Go through the data below and transcribe it exactly. Omit the images.

BEGIN Available data

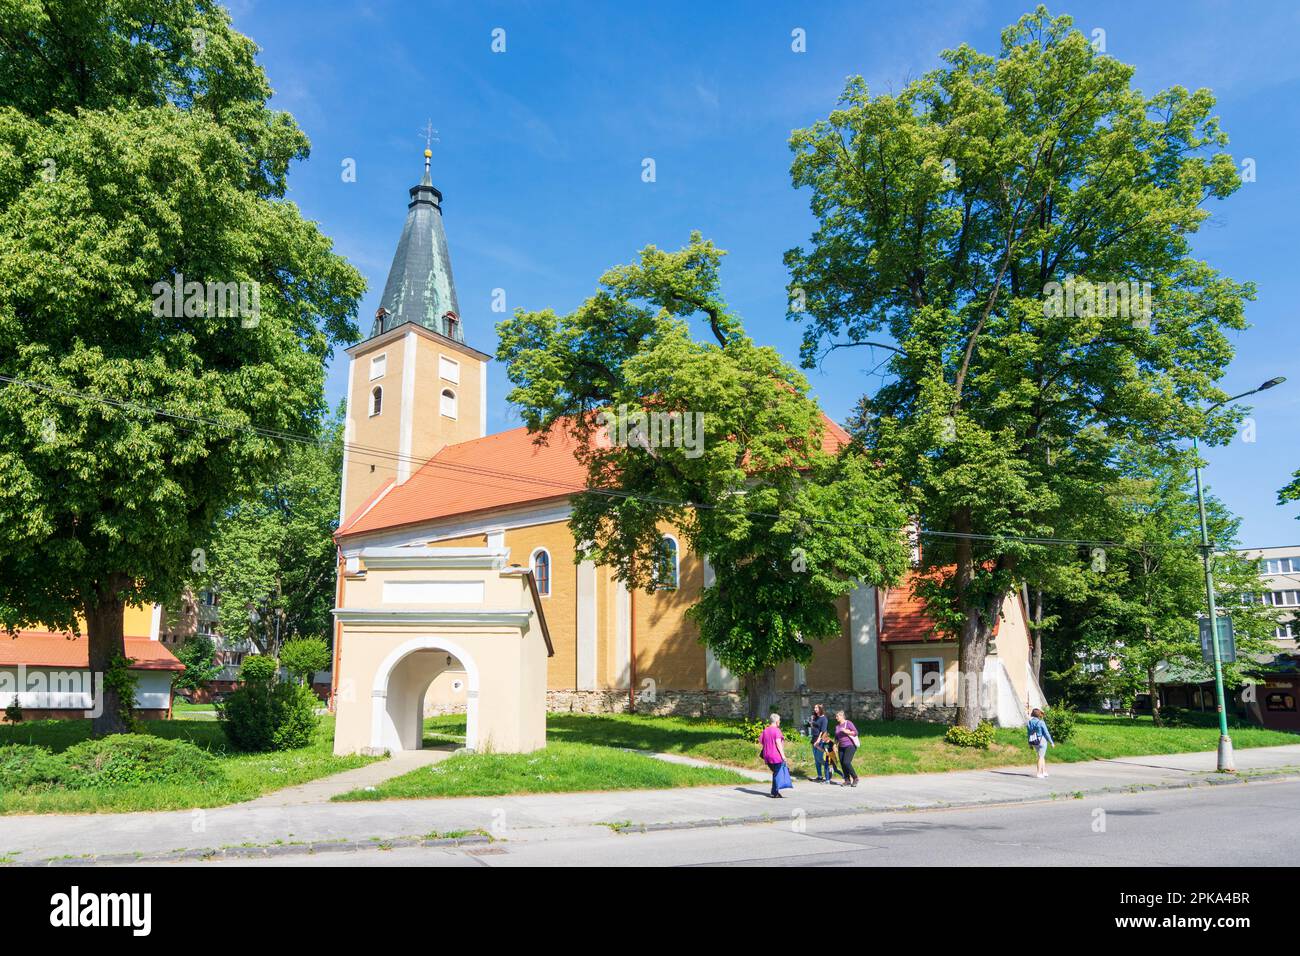 Myjava, Catholic Church in Slovakia Stock Photo
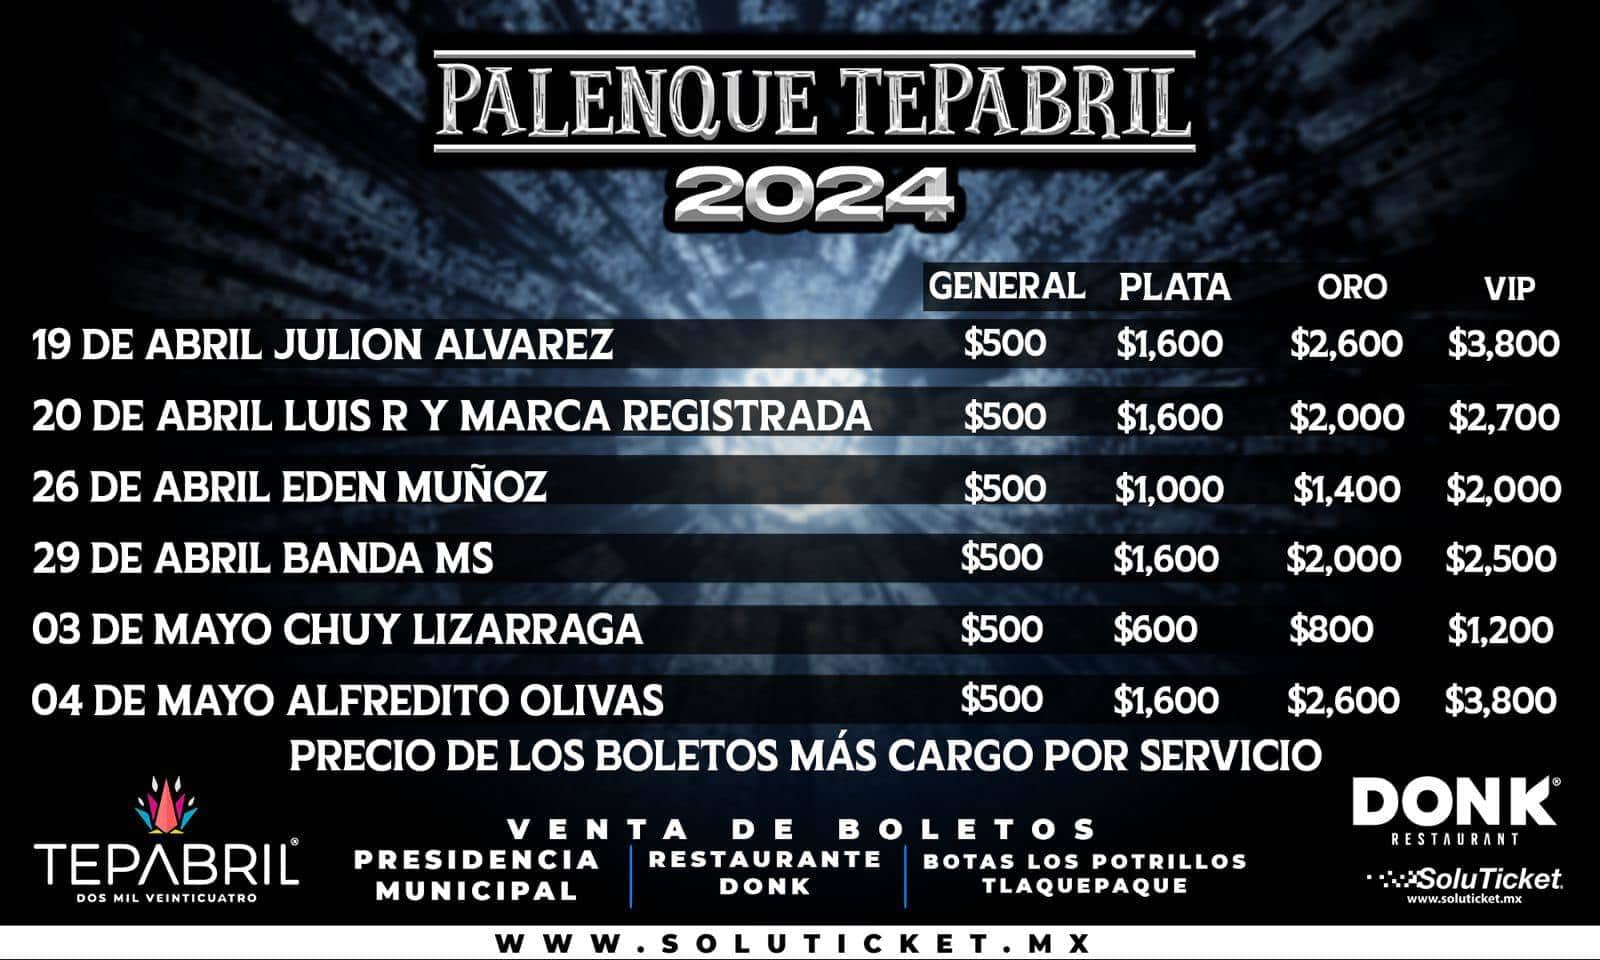 Precios de los boletos para el Palenque de Tepabril 2024
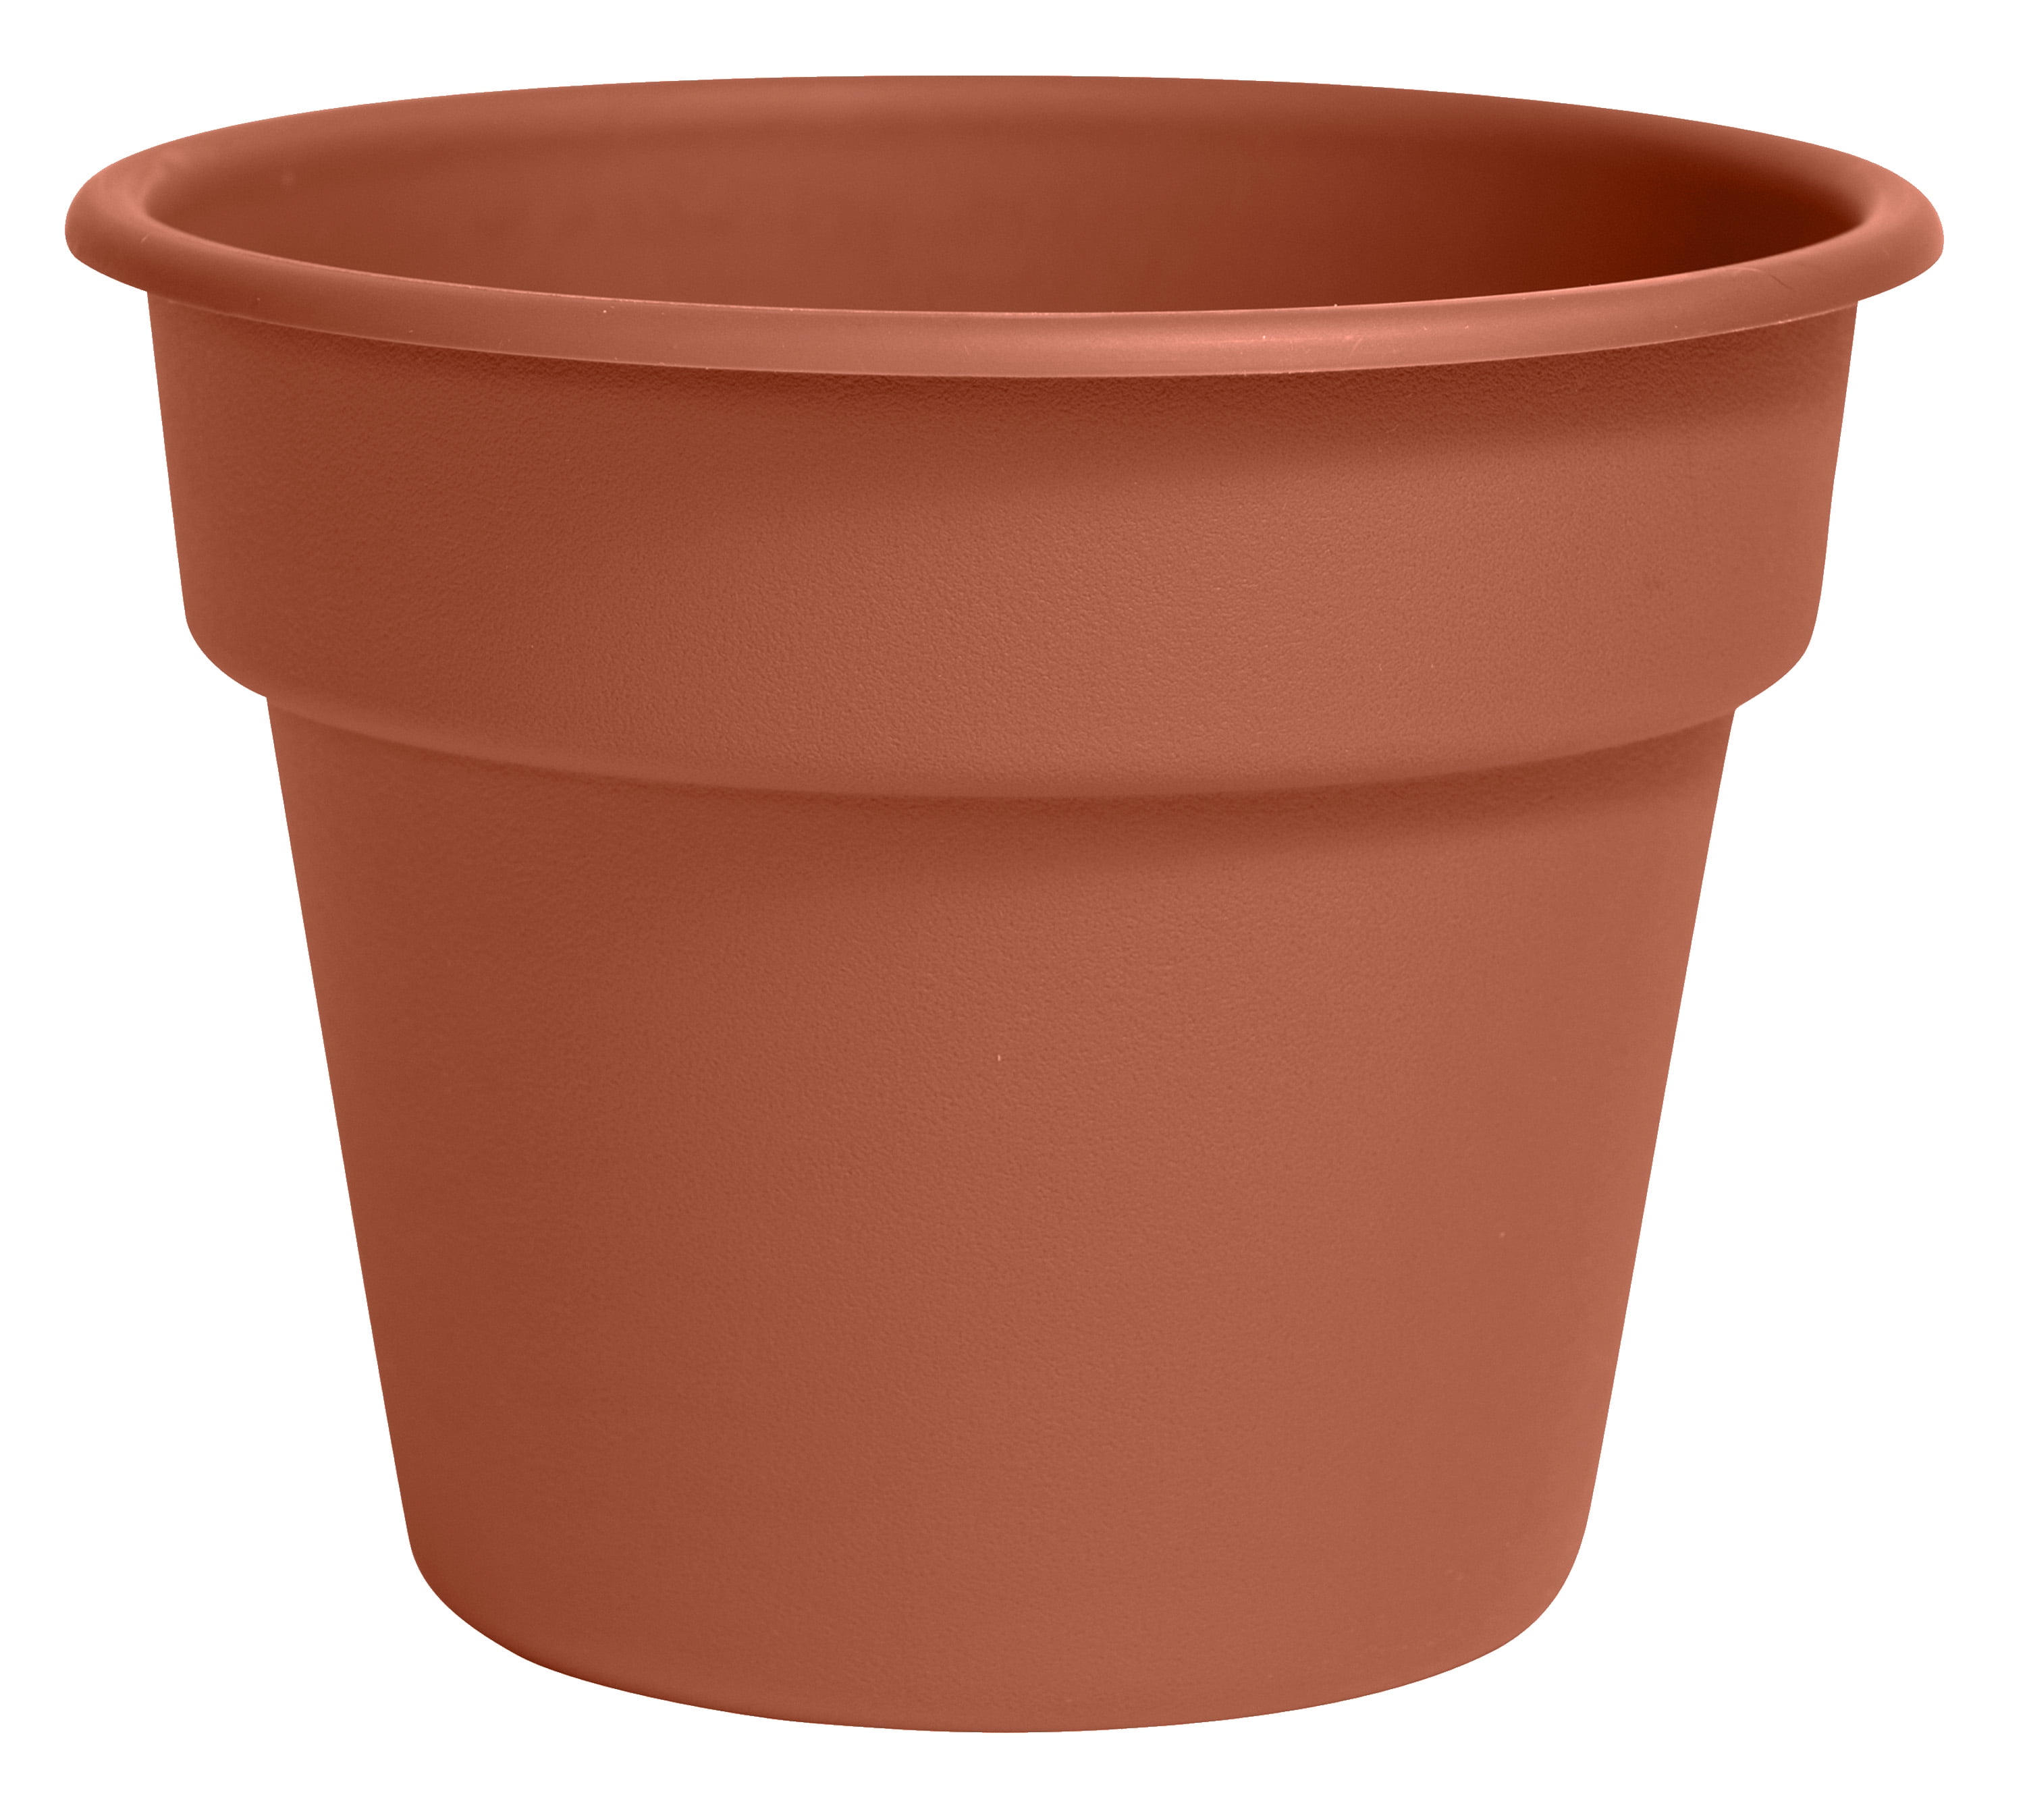 Ornamental Plastic Plant Pot Round Terracotta Colour 36cm/44cm/49cm Great Value! 
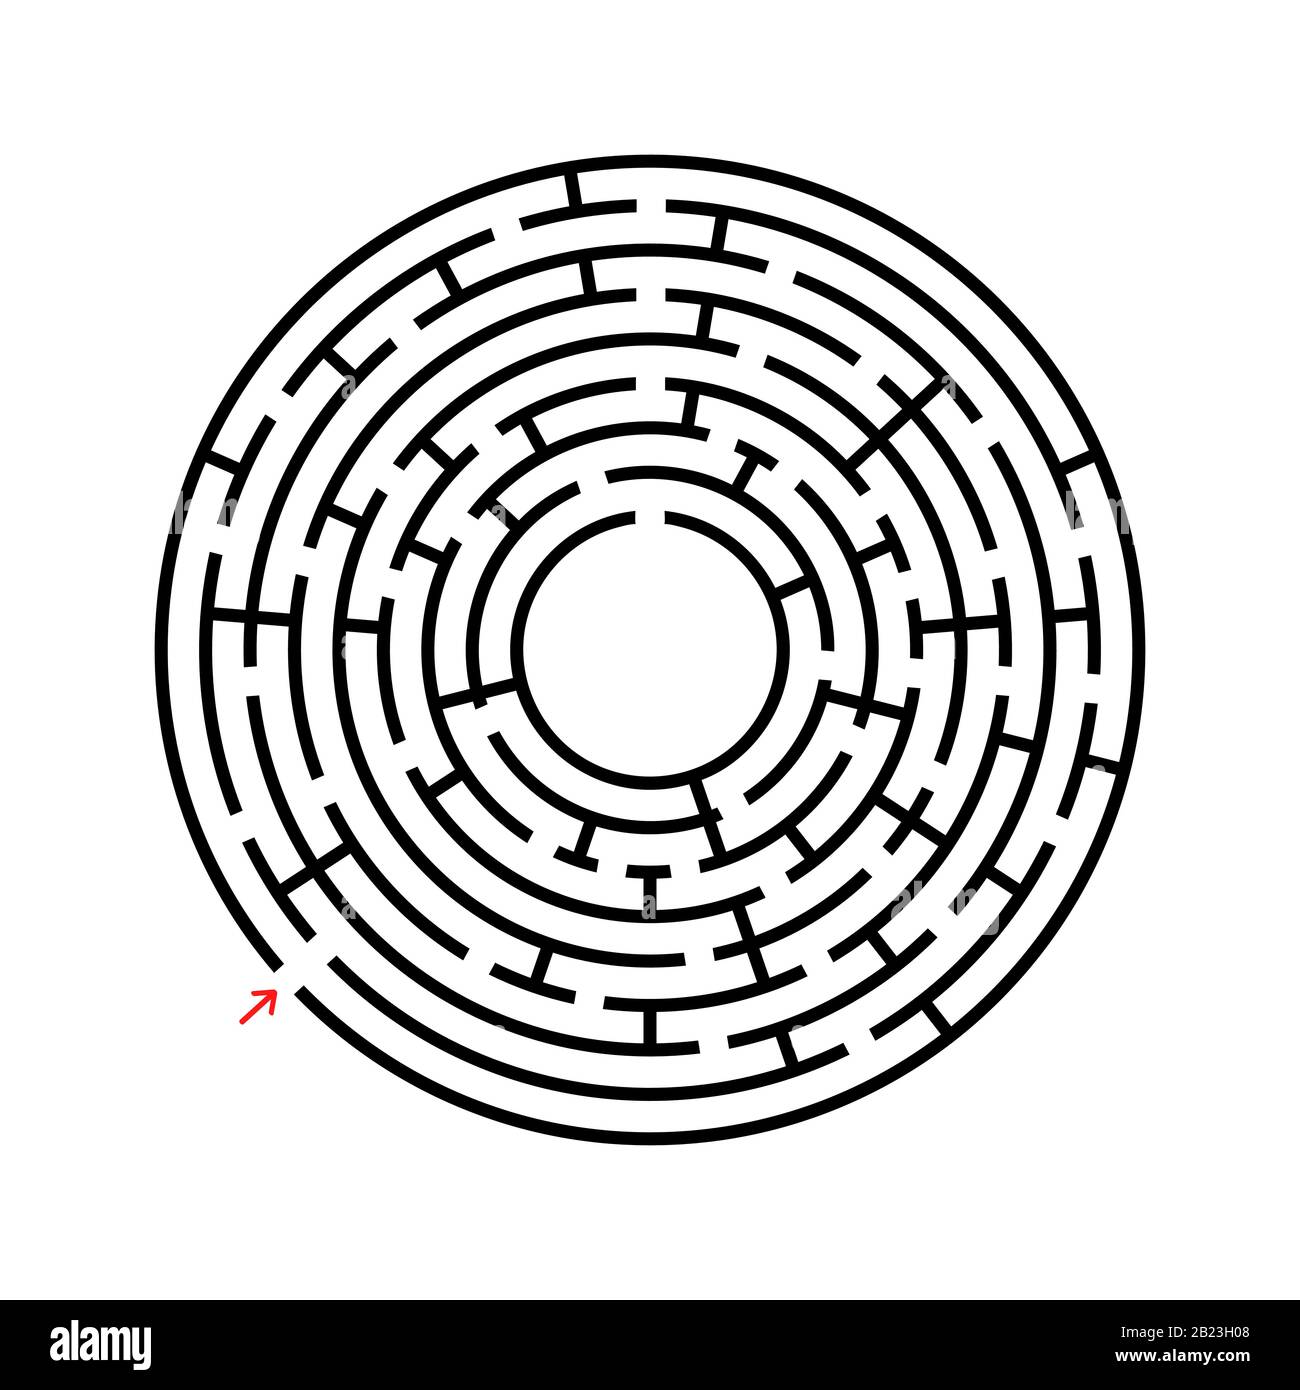 Labirinto rotondo astratto. Un gioco educativo per bambini e adulti. Semplice immagine vettoriale piatta isolata su sfondo bianco Illustrazione Vettoriale

END Available data

- _Output of the exercise_:
 Myjava, Catholic Church in Slovakia Stock Photo
 Precios de los boletos para el Palenque de Tepabril 2024
 Ornamental Plastic Plant Pot Round Terracotta Colour 36cm/44cm/49cm Great Value! 
 Labirinto rotondo astratto. Un gioco educativo per bambini e adulti. Semplice immagine vettoriale piatta isolata su sfondo bianco Illustrazione Vettoriale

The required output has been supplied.